Hoy en día muy pocos (entre esos pocos están los que manejan la economía argentina desde diciembre de 2015) continúan con la identificación de la inflación con la cantidad monetaria.
Por si alguna duda se pueden consultar las estadísticas oficiales sobre la evolución de la cantidad de moneda disponible por el púbico (M1 conformado por el dinero en efectivo en poder del público más los depósitos a la vista en los bancos) comparado con la inflación interanual. Los datos oficiales muestran lo siguiente:
Contrariamente a lo esperado, la disminución en los incrementos de la cantidad de dinero en circulación coincide con el aumento de la tasa inflacionaria.

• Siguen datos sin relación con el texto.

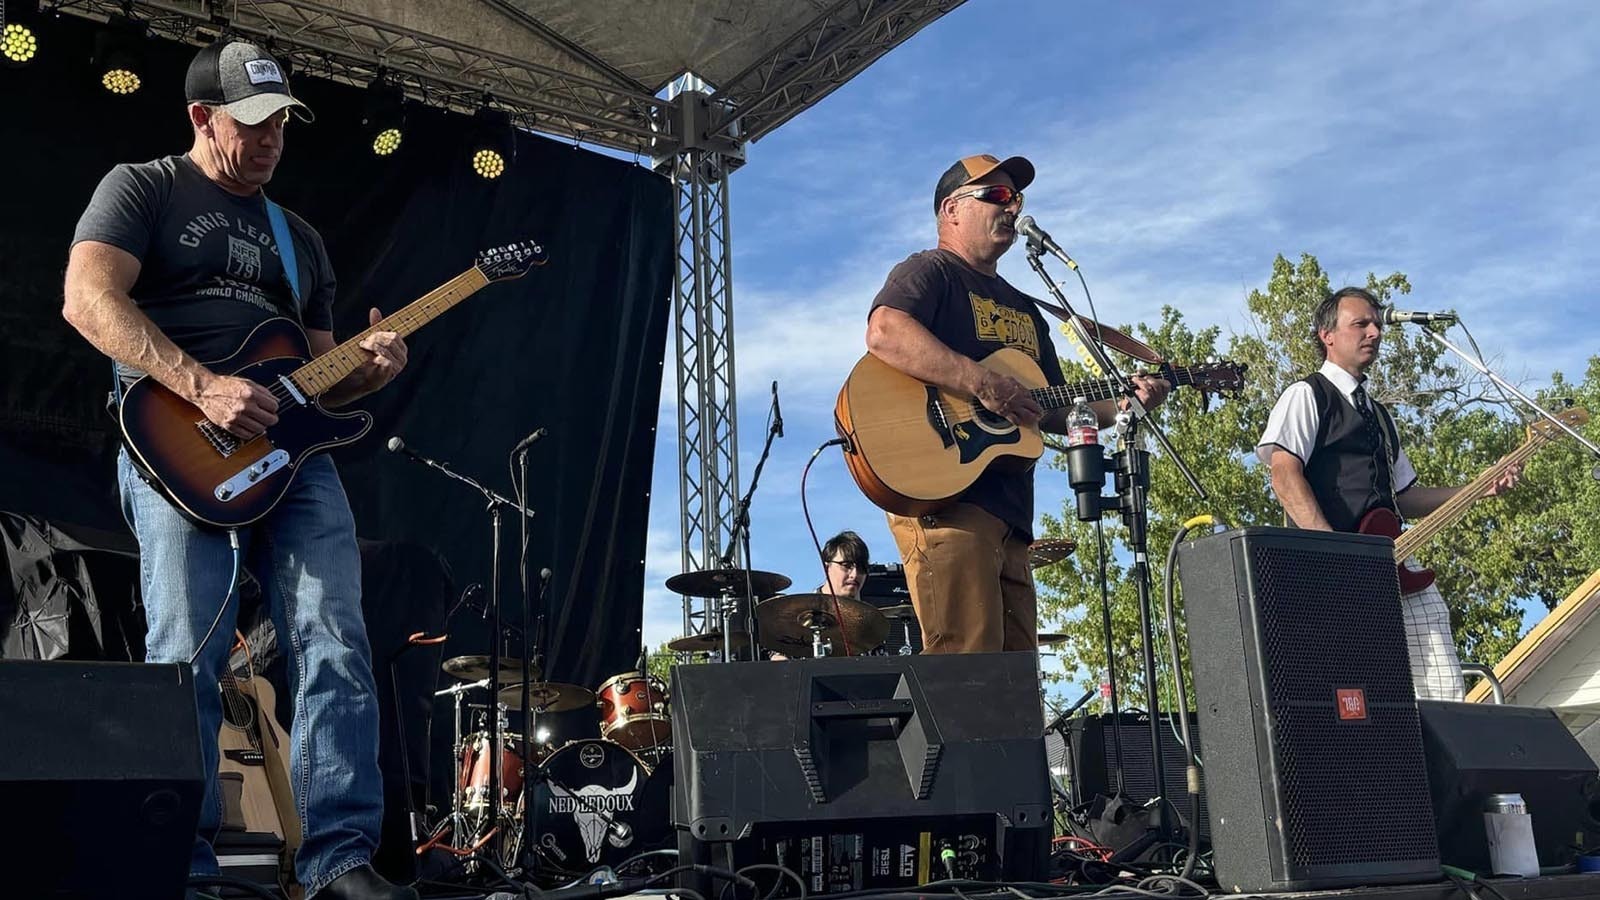 Patrick Stafford, center, and his band Full Tilt play Stafford’s tunes at Chris LeDoux Days in Kayee, Wyoming.

Es que la inflación actual se origina en los aumentos de la cotización del dólar (que afecta los precios de la gran mayoría de bienes), de las tarifas de los servicios públicos, como el gas o la electricidad y los precios regulados de la energía, acompañados por la puja en la distribución del ingreso. Con una inflación de este tipo, las restricciones en la emisión monetaria y los ajustes del gasto público sólo generan la iliquidez de la economía, la suba de la tasa de interés y la recesión económica, con quiebras, cierra de negocios y aumento de la desocupación y la pobreza. Que es el panorama actual.